Start of Data section

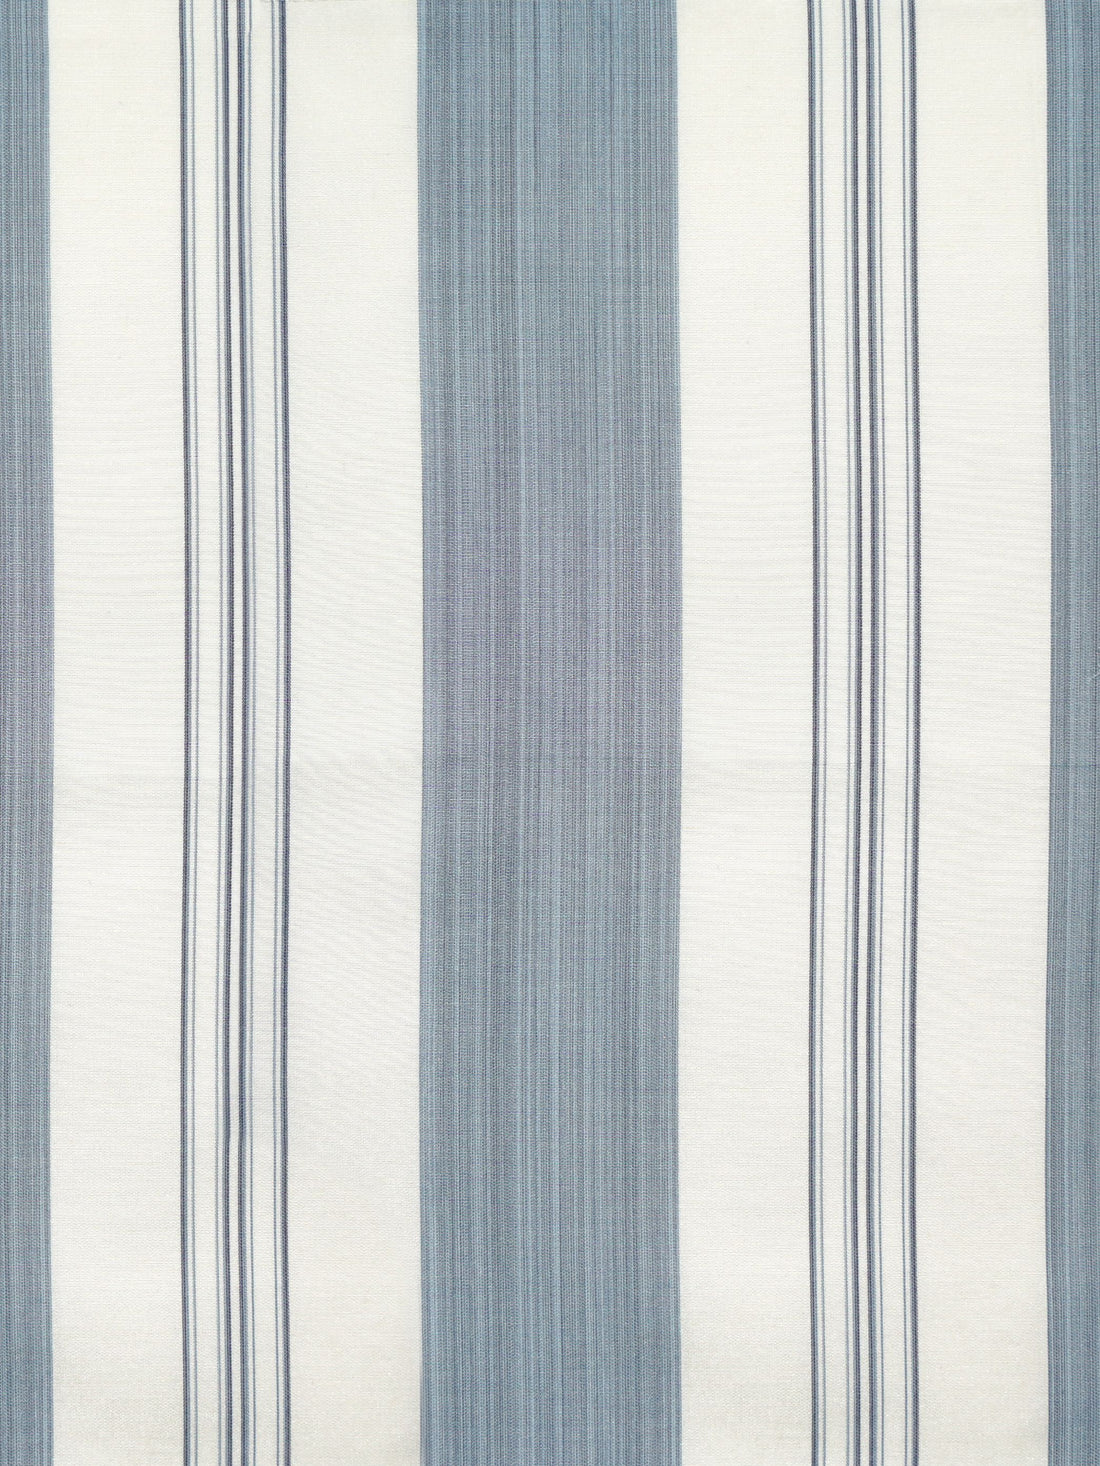 Astor Stripe fabric in indigo color - pattern number SC 000226982 - by Scalamandre in the Scalamandre Fabrics Book 1 collection
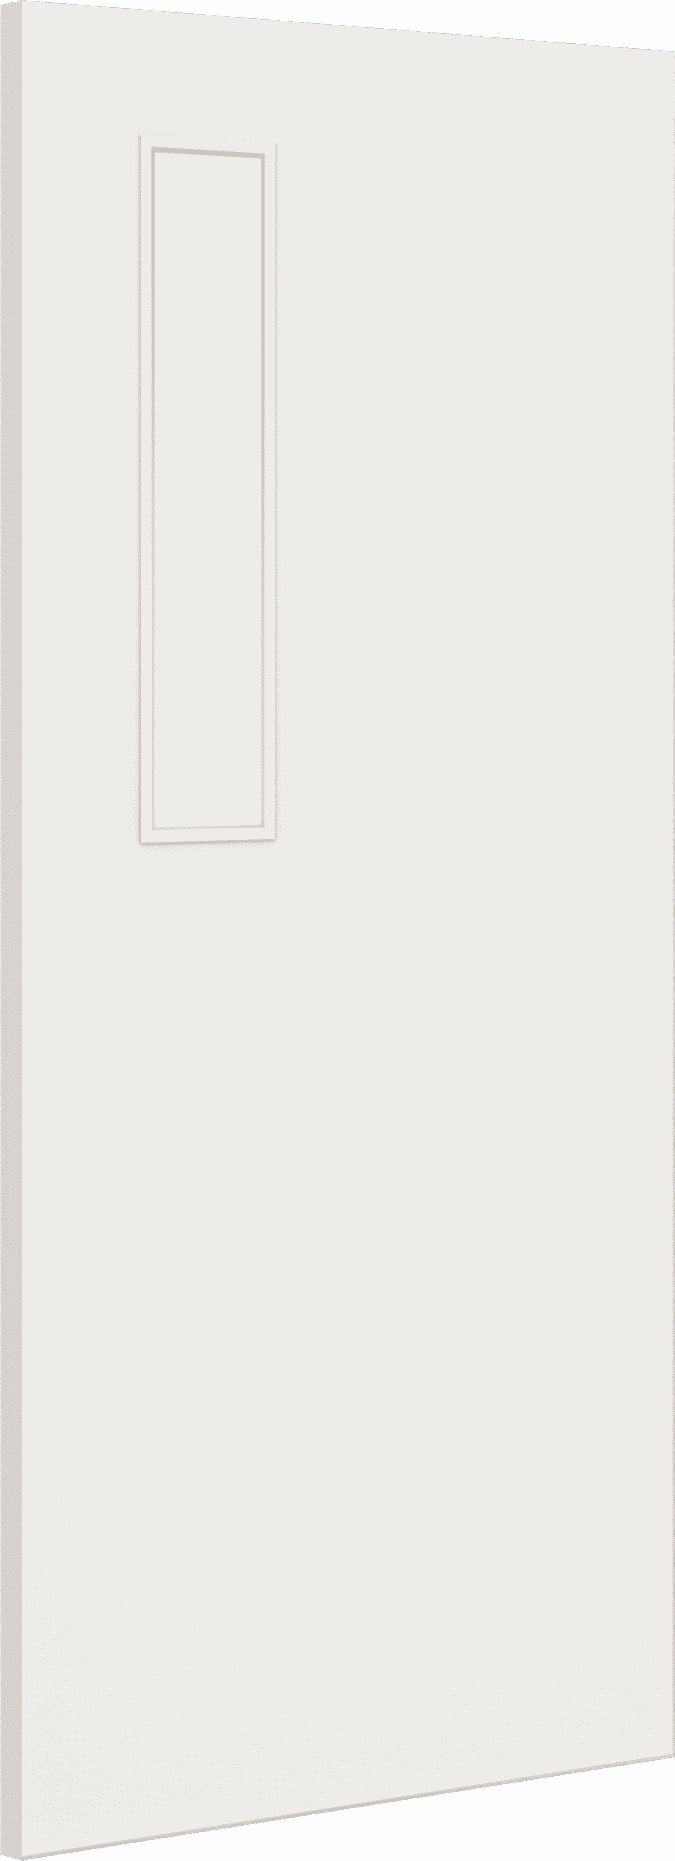 1981mm x 914mm x 44mm (36") Architectural Paint Grade White 08 Frosted Glazed Fire Door Blank
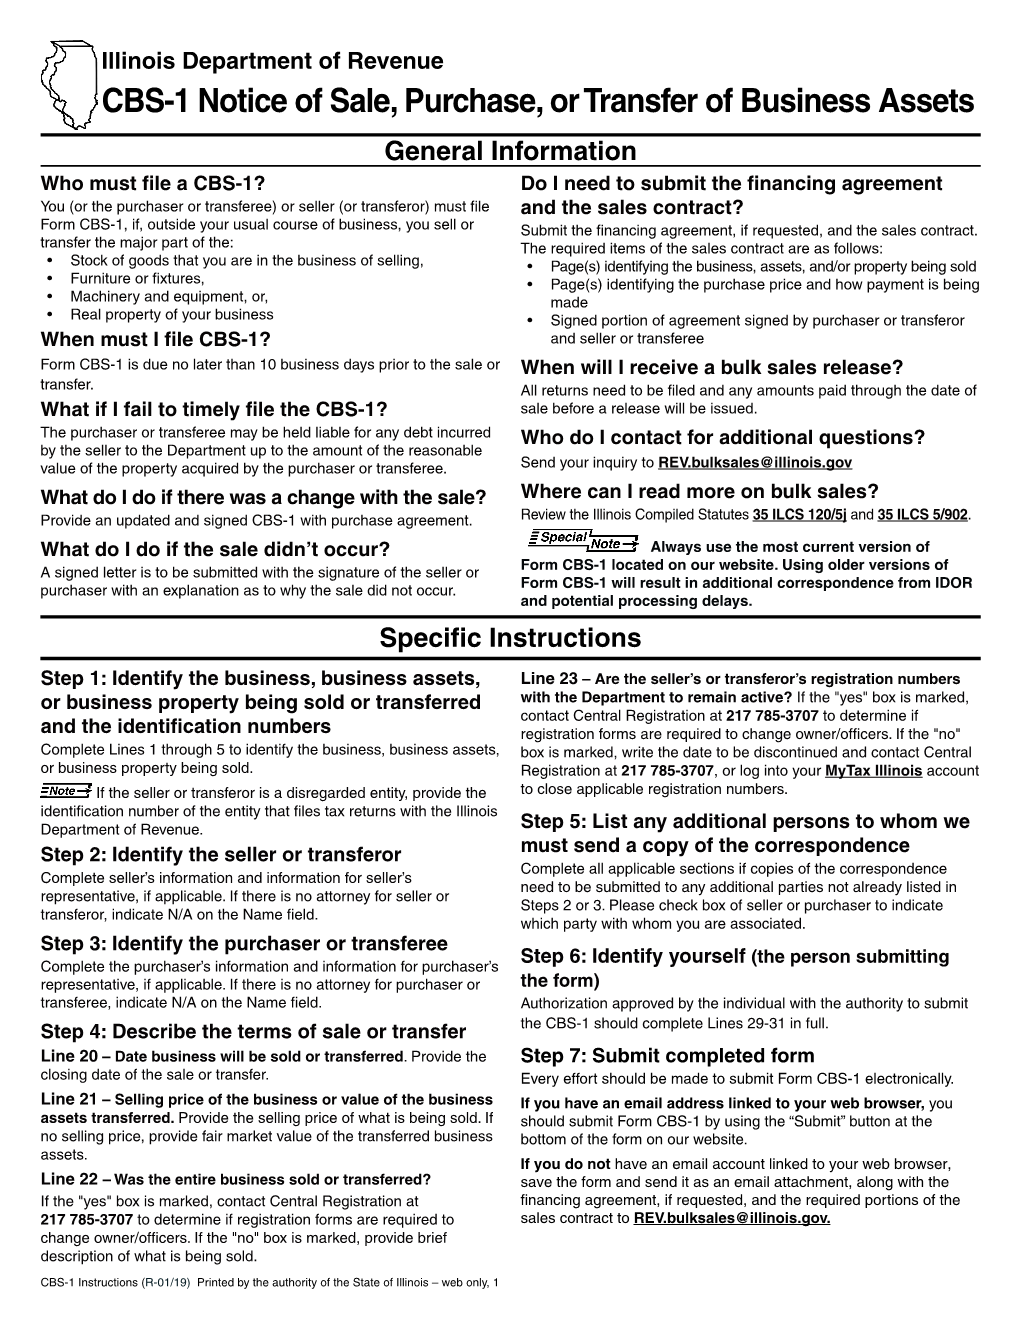 CBS-1 Instructions (R-01/19) Printed by the Authority of the State of Illinois – Web Only, 1

End of Data section

● **Problem**: Hand back every line of the material, exactly, without the pictures.

● **Solved exercise**:
 Astor Stripe fabric in indigo color - pattern number SC 000226982 - by Scalamandre in the Scalamandre Fabrics Book 1 collection
 1981mm x 914mm x 44mm (36") Architectural Paint Grade White 08 Frosted Glazed Fire Door Blank
 CBS-1 Instructions (R-01/19) Printed by the Authority of the State of Illinois – Web Only, 1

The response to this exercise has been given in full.